+++ Data to examine
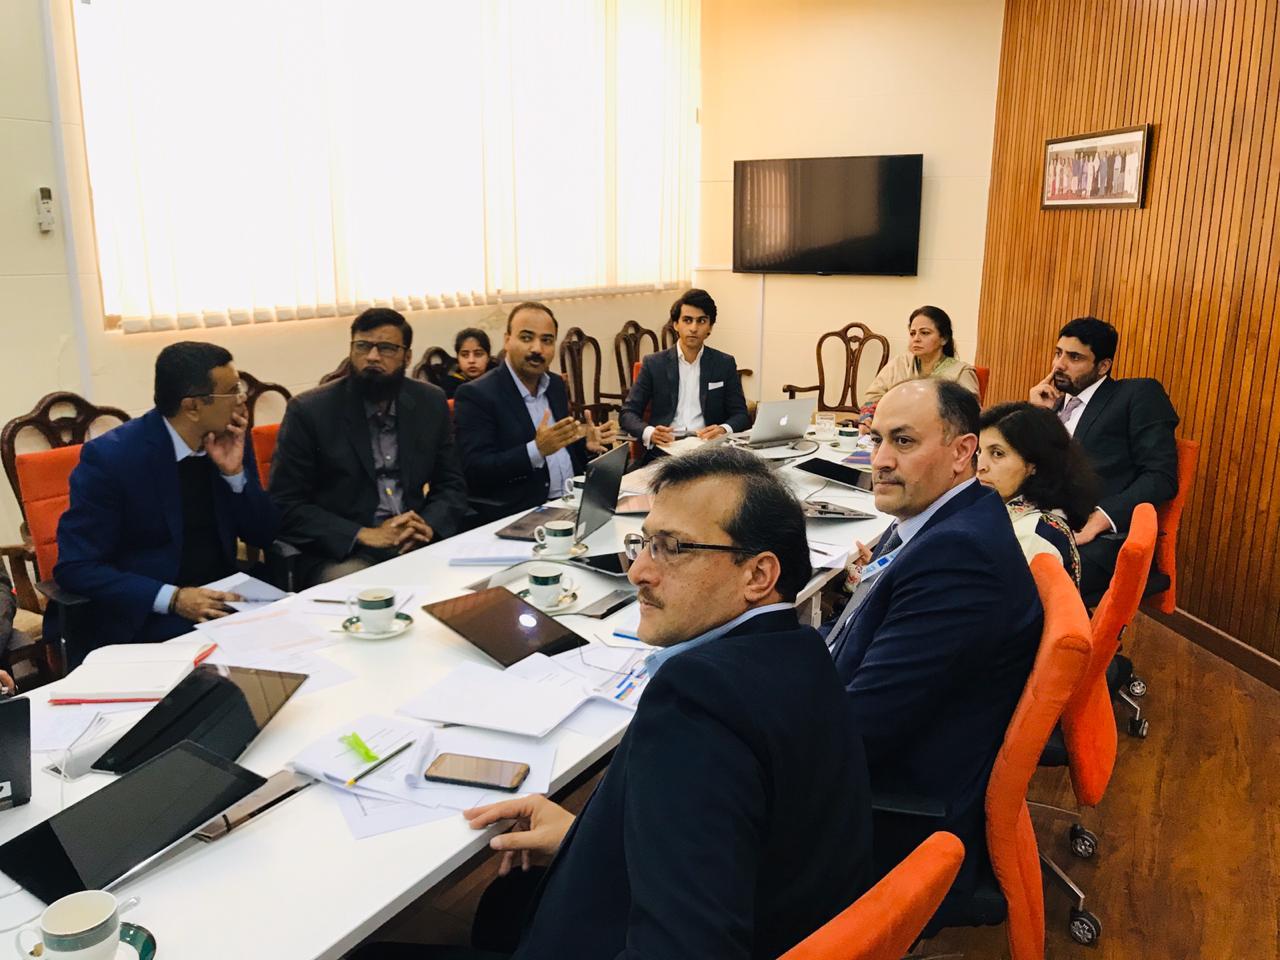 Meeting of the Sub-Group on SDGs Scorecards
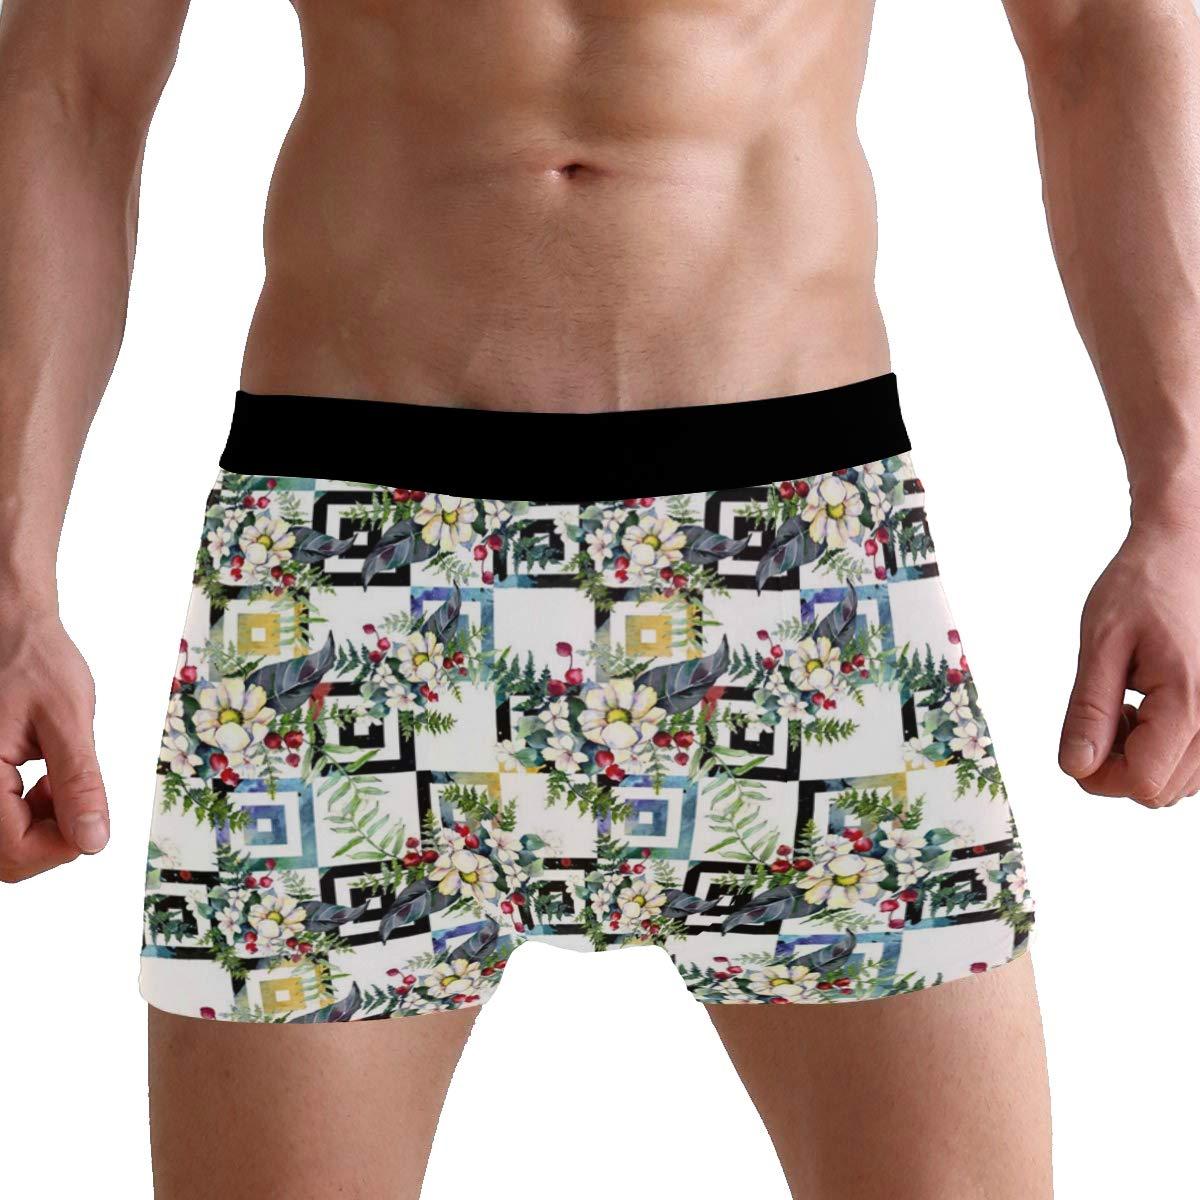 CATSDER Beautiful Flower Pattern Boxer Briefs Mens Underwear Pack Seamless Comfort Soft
++++++
+++ Data to examine
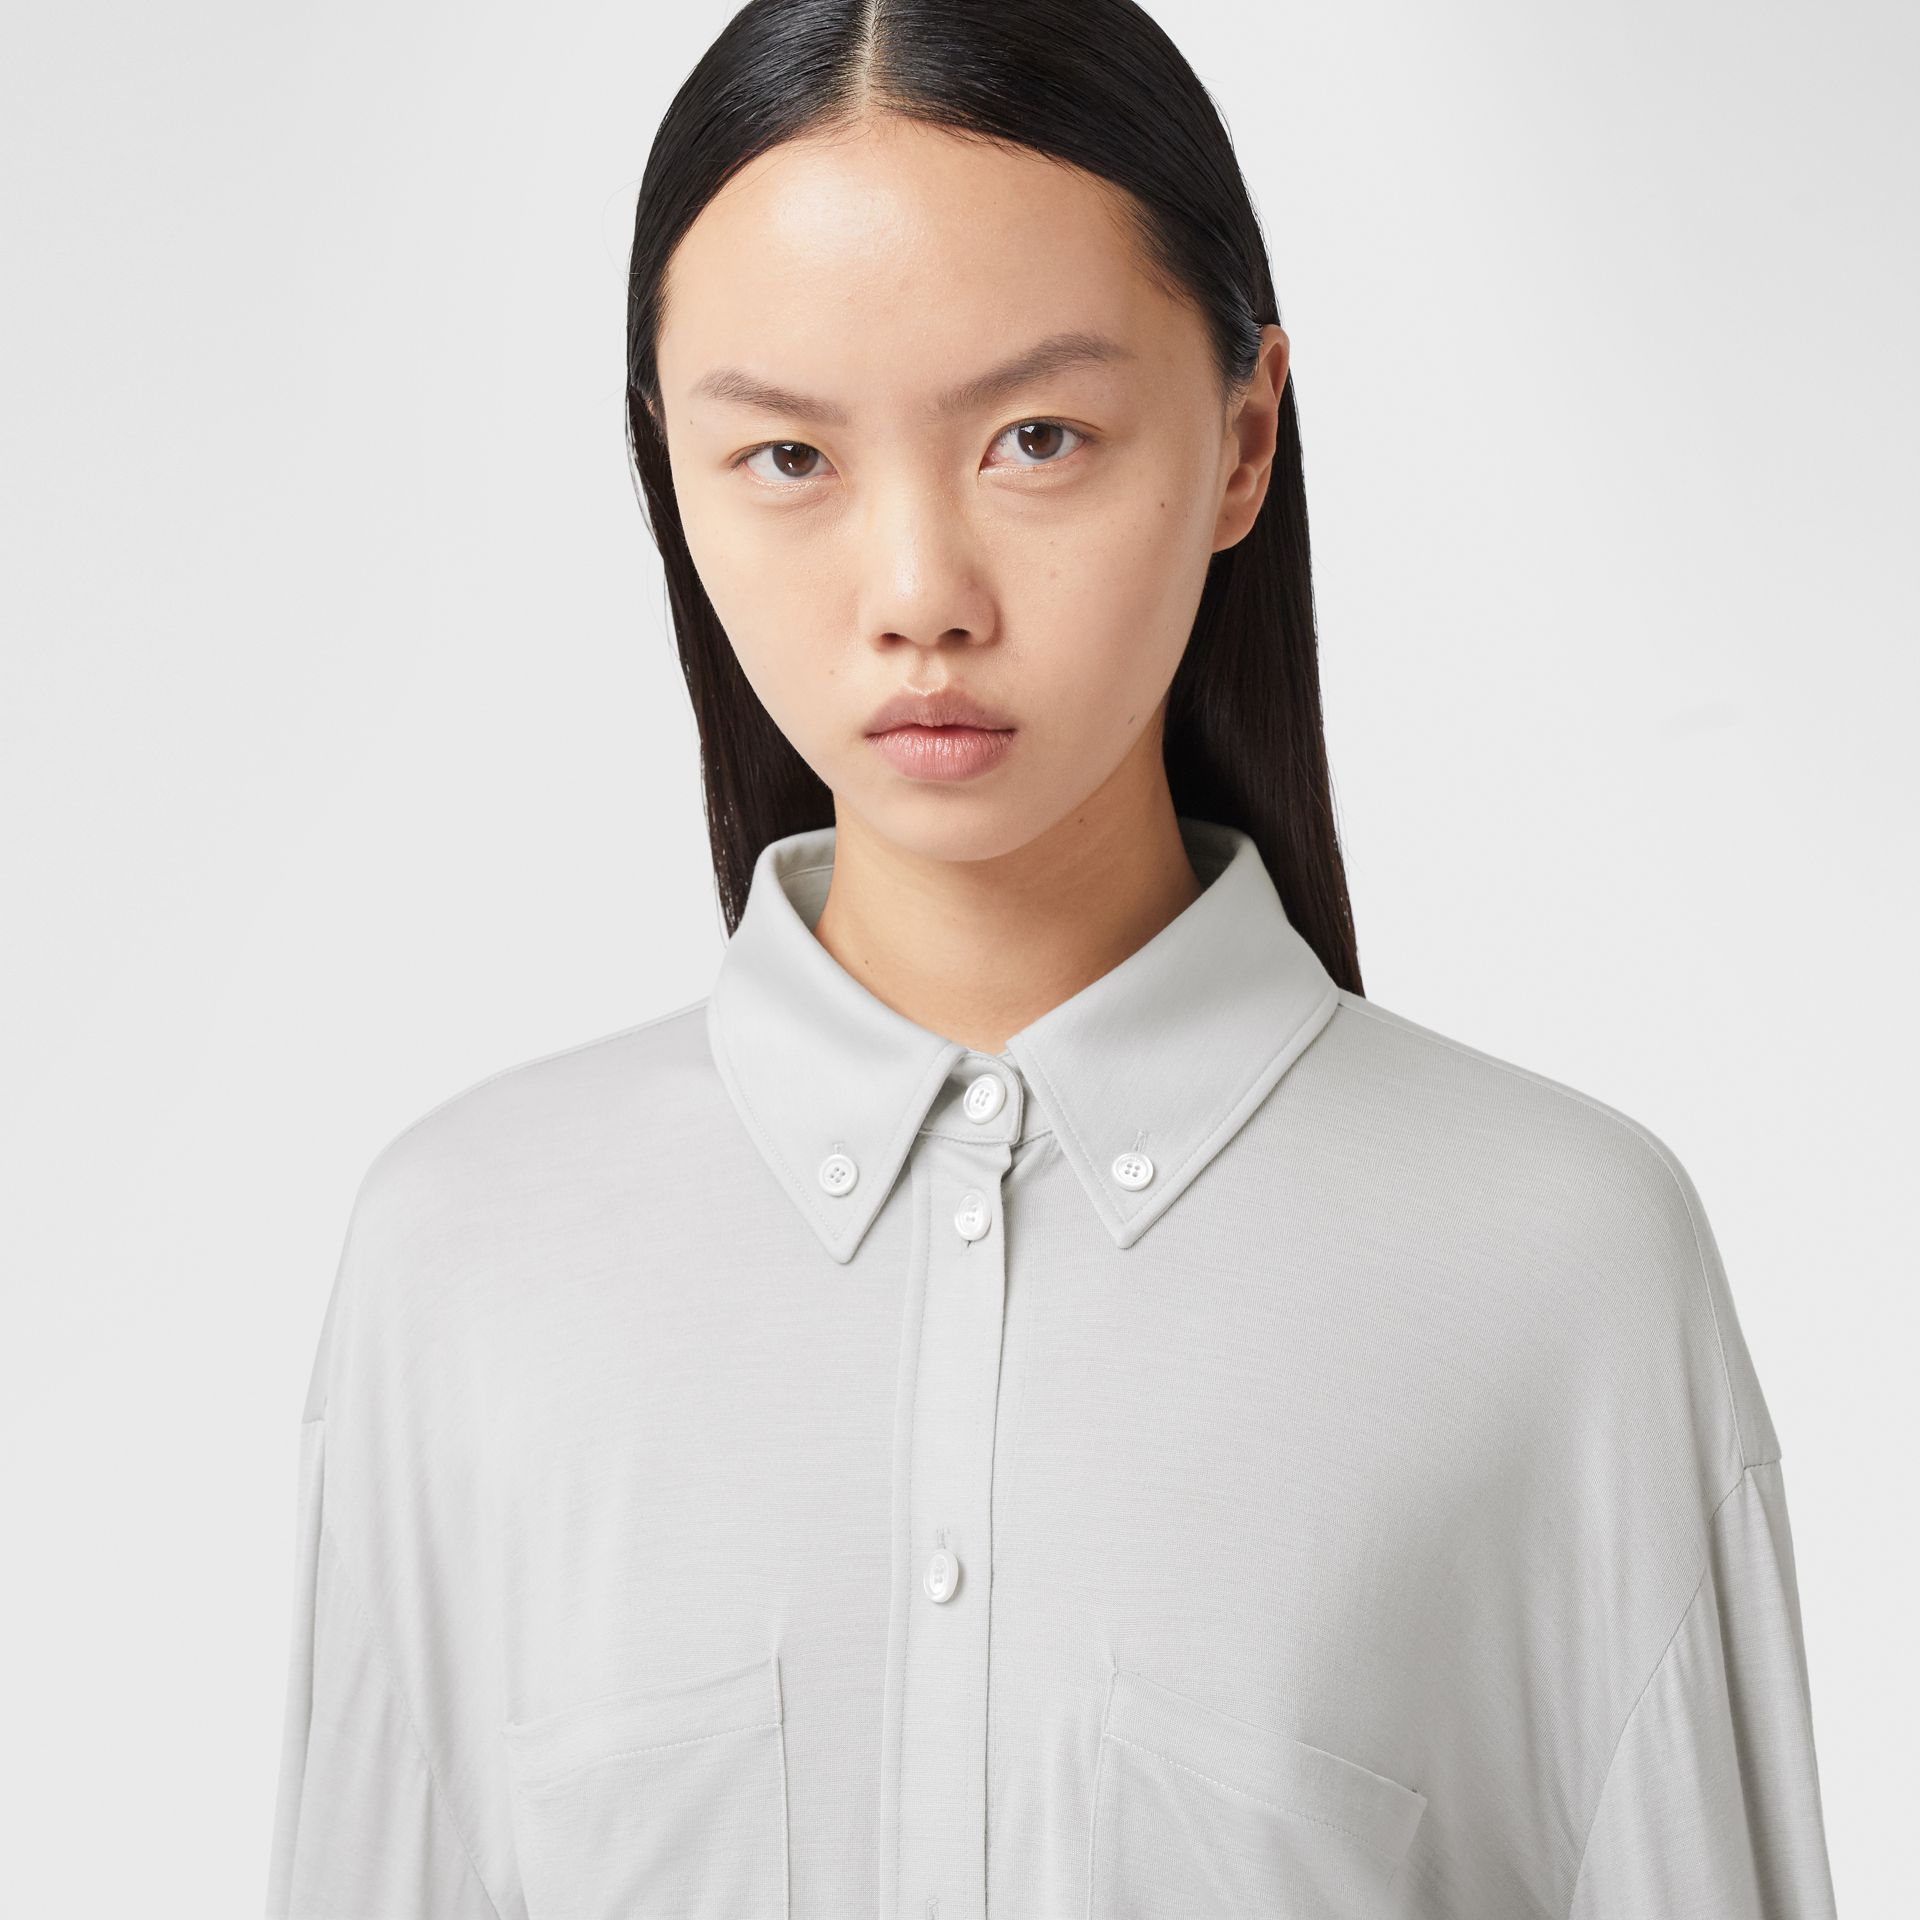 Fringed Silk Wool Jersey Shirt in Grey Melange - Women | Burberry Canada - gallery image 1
++++++
■ The task ■
Using the data above, retype exactly the lines from the line with "Meeting of the Sub-Group on SDGs Scorecards" to the line with "CATSDER Beautiful Flower", inclusive. No pictures and nothing else.

■ Problem solution ■
 Meeting of the Sub-Group on SDGs Scorecards
 CATSDER Beautiful Flower Pattern Boxer Briefs Mens Underwear Pack Seamless Comfort Soft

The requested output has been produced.